Single by JD Natasha

from the album Imperfecta-Imperfect
- Released: June 1, 2004
- Genre: Rock/Pop/Alternative Music
- Length: 3:04
- Label: EMI, EMI Music Televisa
- Songwriter(s): JD Natasha, Martin Chan
- Producer(s): Sebastián Krys, Gustavo Menéndez

JD Natasha singles chronology
|  | "Lágrimas" (2004) | "Tanto" (2004) |

= Lágrimas (JD Natasha song) =

"Lágrimas" was the first single of JD Natasha's first album Imperfecta-Imperfect.

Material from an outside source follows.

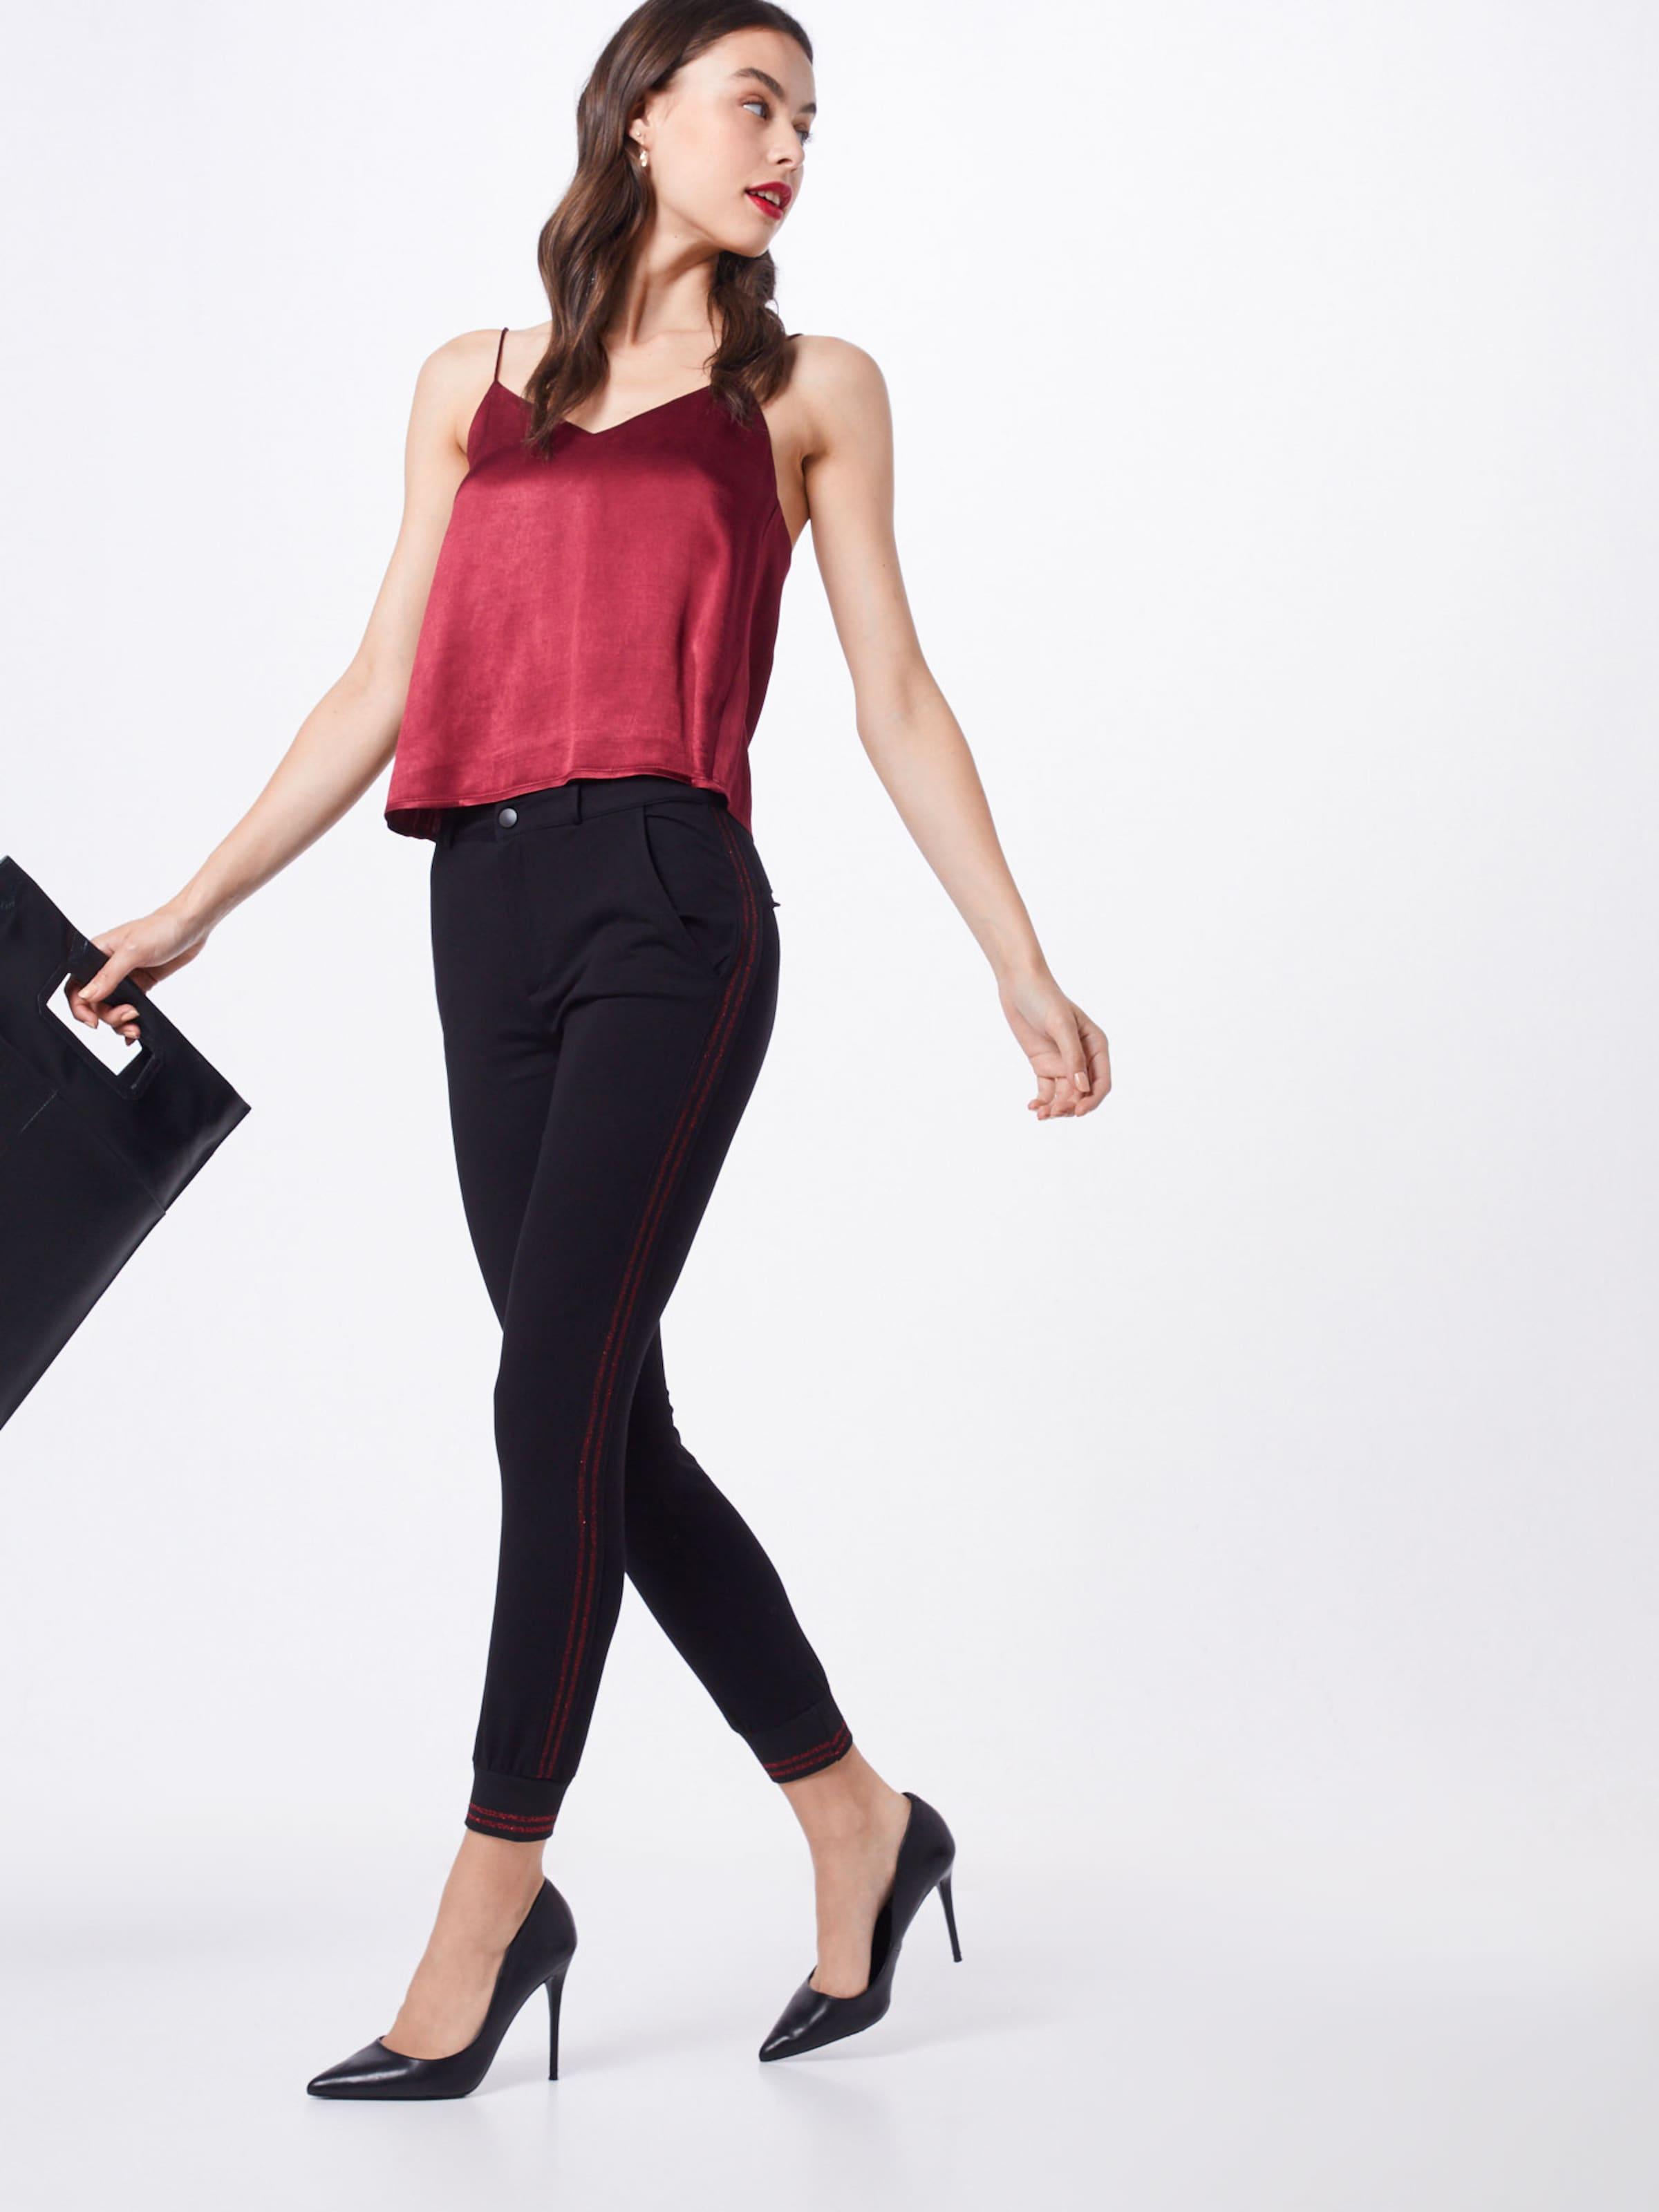 Pantalon Goodlife En Miss Miss Miss Noir Noir Goodlife Goodlife Pantalon En 2YH9EDWeIb
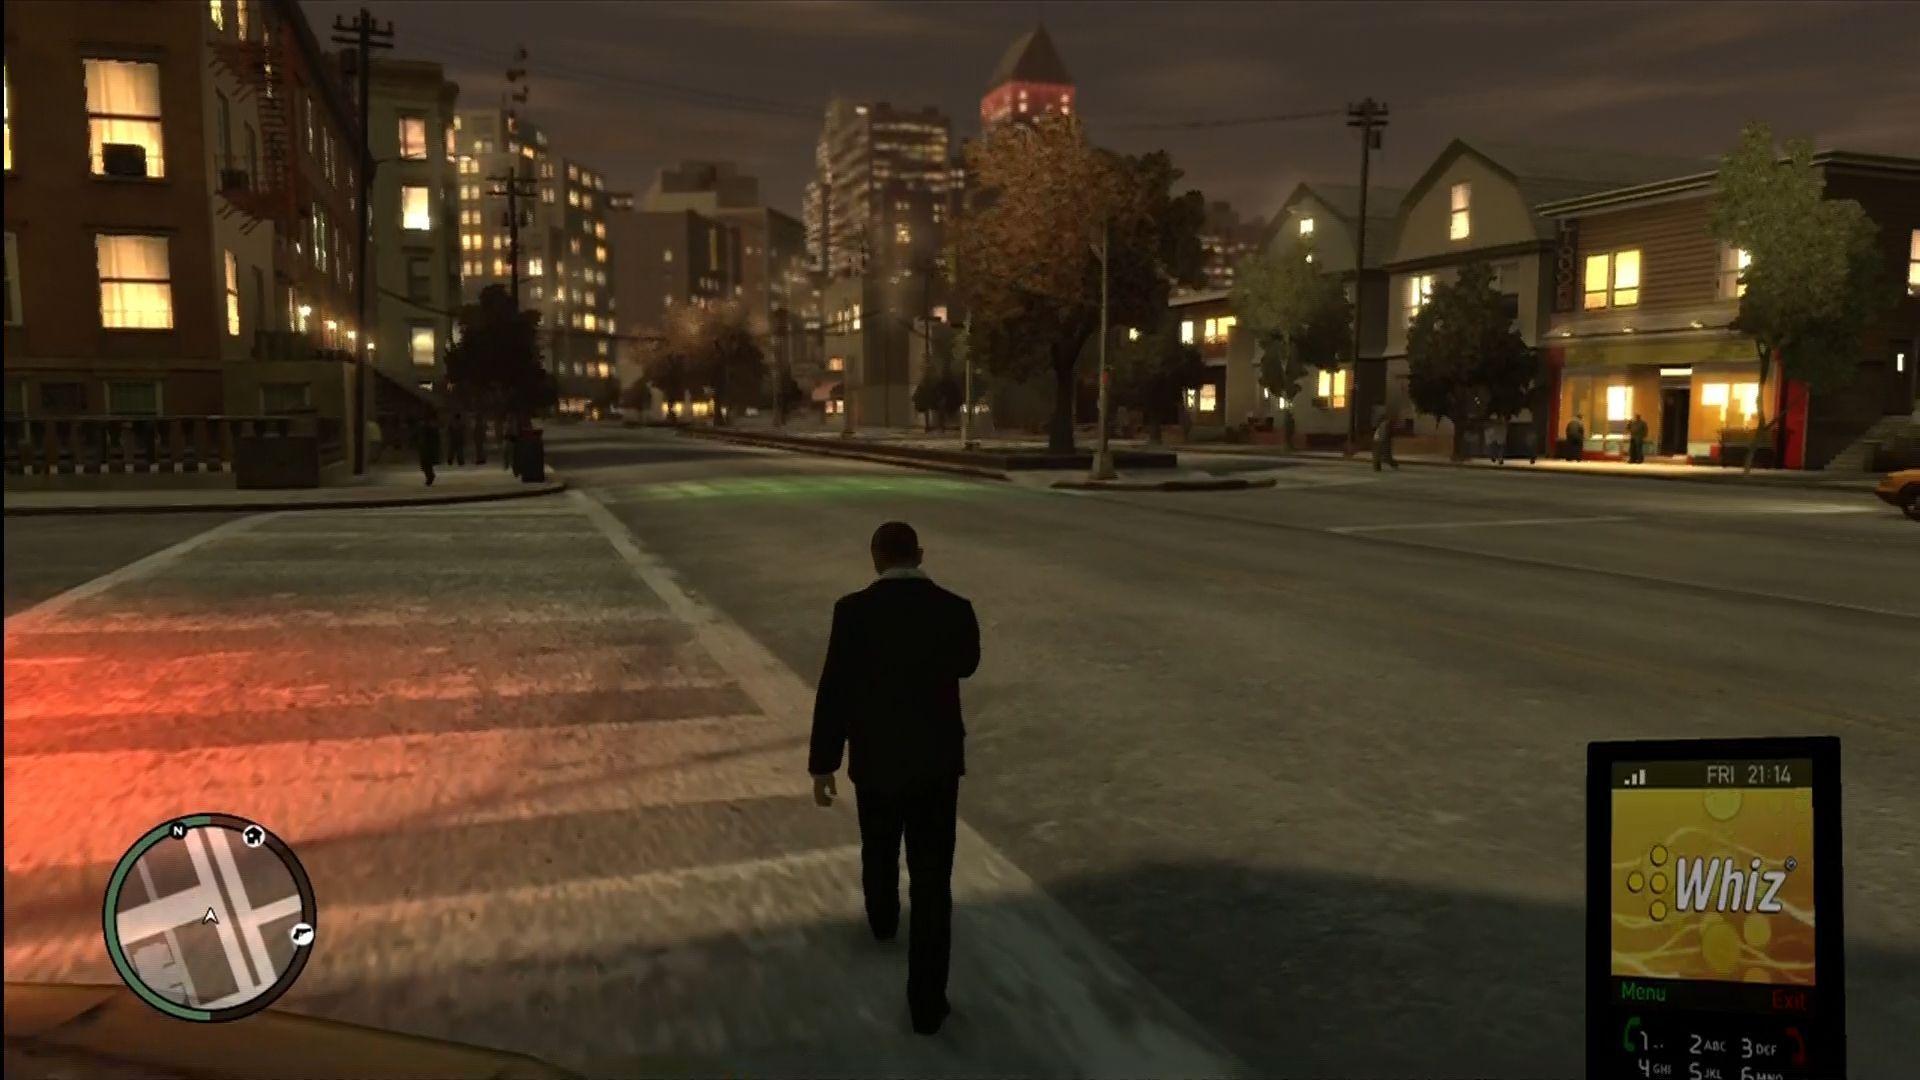 GTA 4 #gta4 #gtaiv #grantheatfauto #openworldgames | Microsoft, Shutter  island, Grand theft auto 4

The single was an international hit, ranking at number 14 on the Billboard Hot Latin Tracks chart for 3 weeks in 2004. The song was co-written by Martin Chan (Volumen Cero) and Natasha and brought her first notoriety.

On 2005, "Lágrimas" was nominated in the 6th Annual Latin Grammy Awards in the category of "Rock Song".

==Track listing==
1. Lágrimas (Full Acoustic Version) (2:59)
2. Lágrimas (Album Version) (3:04)

==Video==
The video was directed by Pablo Croce and taped in an old mansion in Argentina; in the video, Natasha is fighting with her inner voices and playing her song with an amazing feeling. The video was a hit in Pepsi Musica and MTV International.
The video peaked number one on MTV Español.